NASA, on Thursday, released an image of a comet that is expected to pass within 84,000 miles of Mars -- less than half the distance between Earth and the moon -- on Oct. 19, and the finding could help scientists determine potential hazards to spacecraft in the vicinity of the red planet. The average distance from Earth to the moon is about 238,855 miles.

Hubble also observed the comet, called comet C/2013 A1 or Siding Spring, on Jan. 21 as Earth was crossing its orbital plane, which is the path the comet takes as it orbits the sun. This positioning of the two bodies allowed astronomers to determine the speed of the dust coming off the comet’s nucleus.

“This is critical information that we need to determine whether, and to what degree, dust grains in the coma of the comet will impact Mars and spacecraft in the vicinity of Mars,” Jian-Yang Li of the Planetary Science Institute in Tucson, Ariz., said in a statement.

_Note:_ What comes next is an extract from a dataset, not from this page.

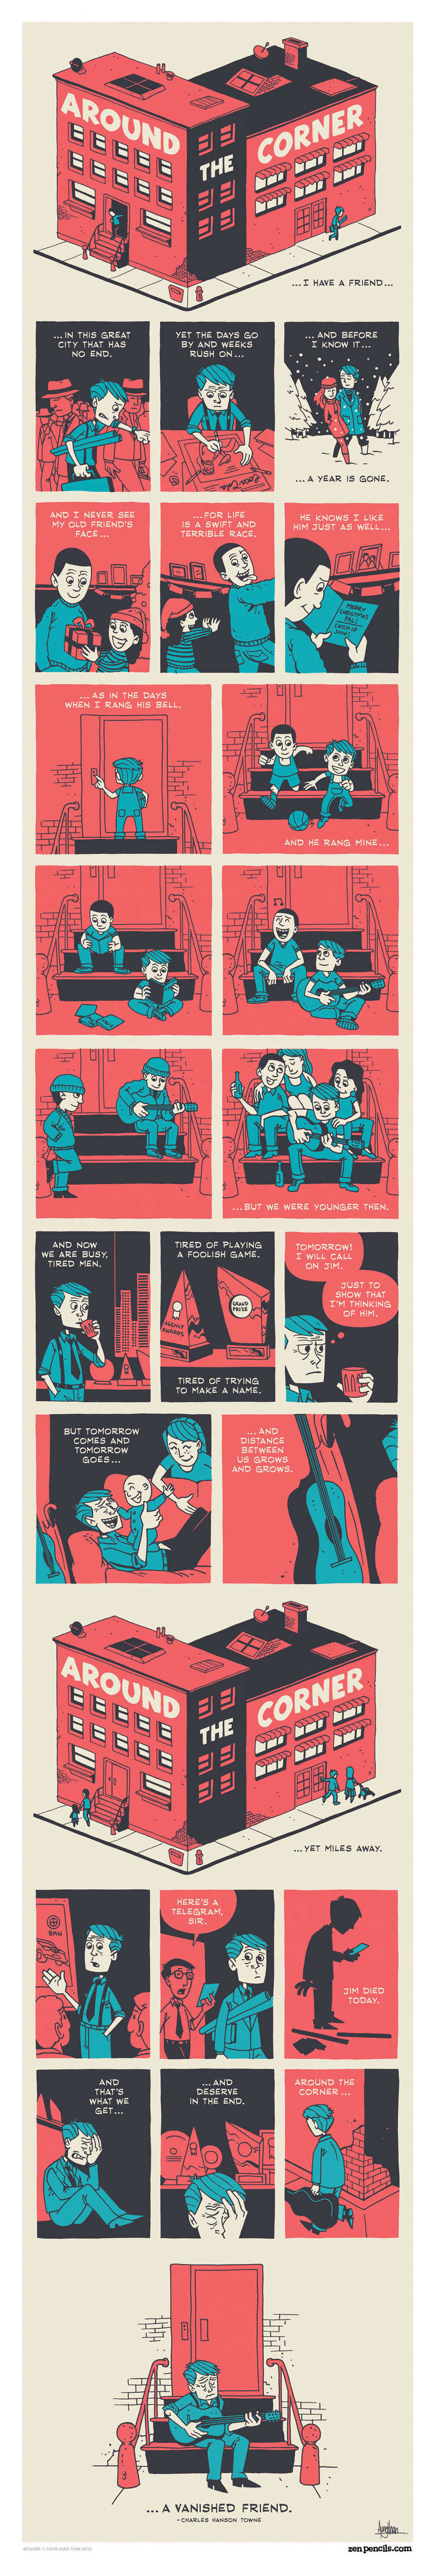 Zen Pencils Comic Strip for November 14, 2016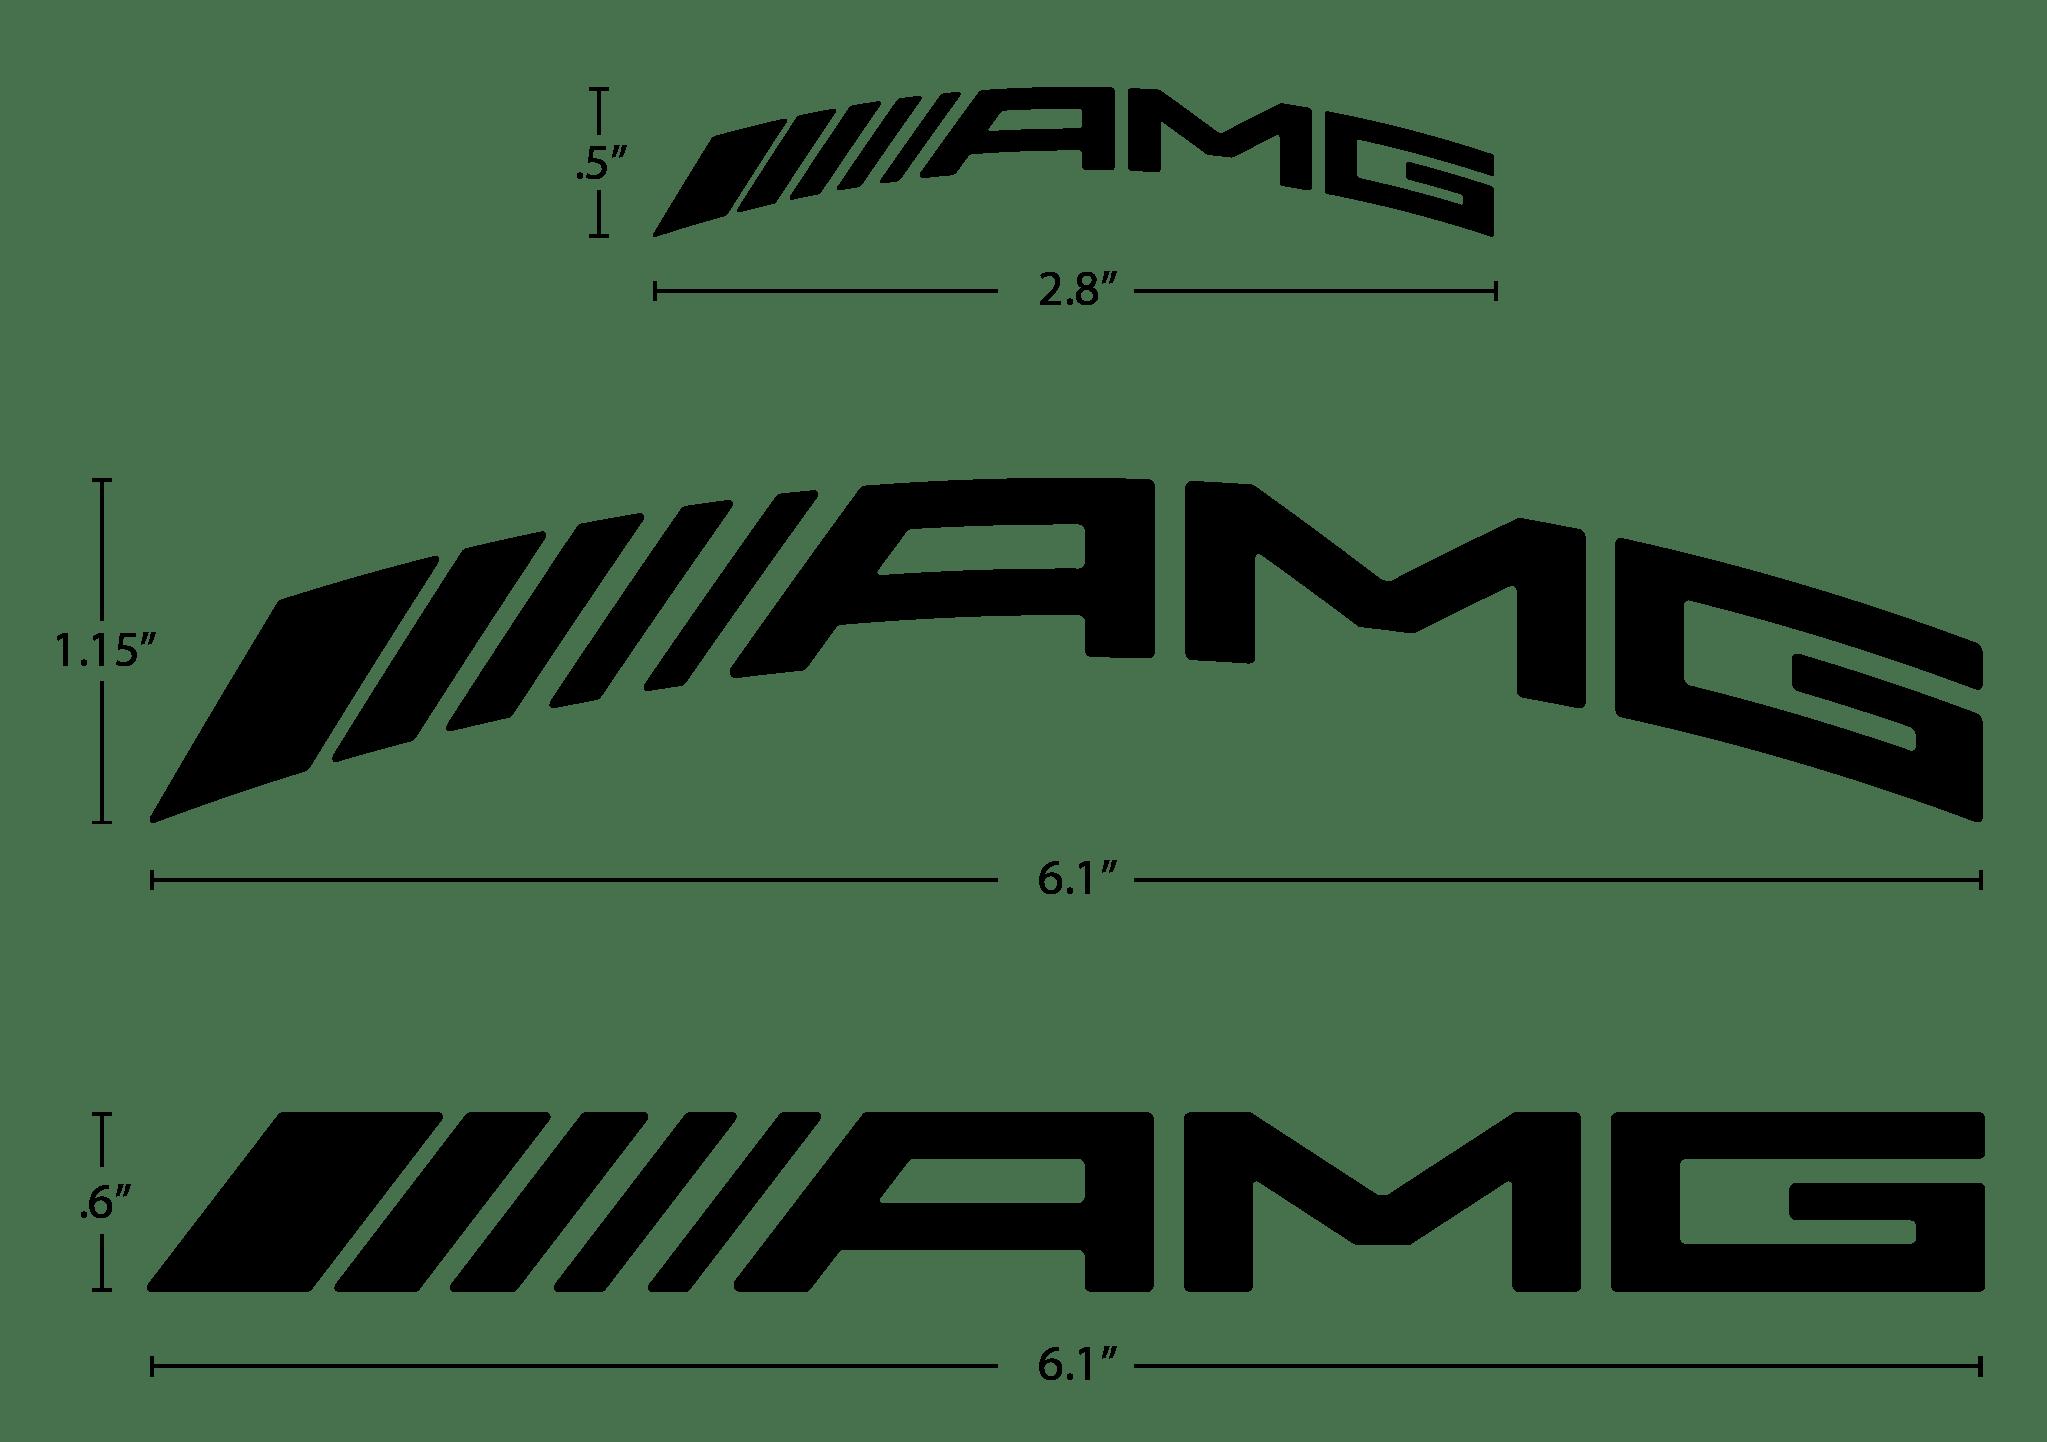 Revised Amg Curved Brake Caliper Decal Feedback Please

Check out the two images here:

comet-Siding-Spring The images above show -- before and after filtering -- comet C/2013 A1, also known as Siding Spring, as captured by Wide Field Camera 3 on NASA's Hubble Space Telescope.  NASA, ESA, and J.-Y. Li (Planetary Science Institute)

The image on the left, captured on March 11, shows Siding Spring at a distance of 353 million miles from Earth. However, Hubble cannot see the comet’s icy nucleus, because of its diminutive size. In addition, the nucleus is also surrounded by a glowing dust cloud, or coma, which measures about 12,000 miles across.

The right image shows the comet after the image was processed to remove the hazy glow of the coma, revealing what appear to be two jets of dust coming off the nucleus in opposite directions. According to NASA, this observation would allow astronomers to measure the direction of the nucleus’s pole and its axis of rotation.

Siding Spring was discovered on Jan. 3, 2013 by Robert H. McNaught at Australia’s Siding Spring Observatory. The comet is expected to make its closest approach to the sun on Oct. 25, at a distance of 130 million miles. The comet is not expected to become bright enough to be seen by the naked eye, astronomers said.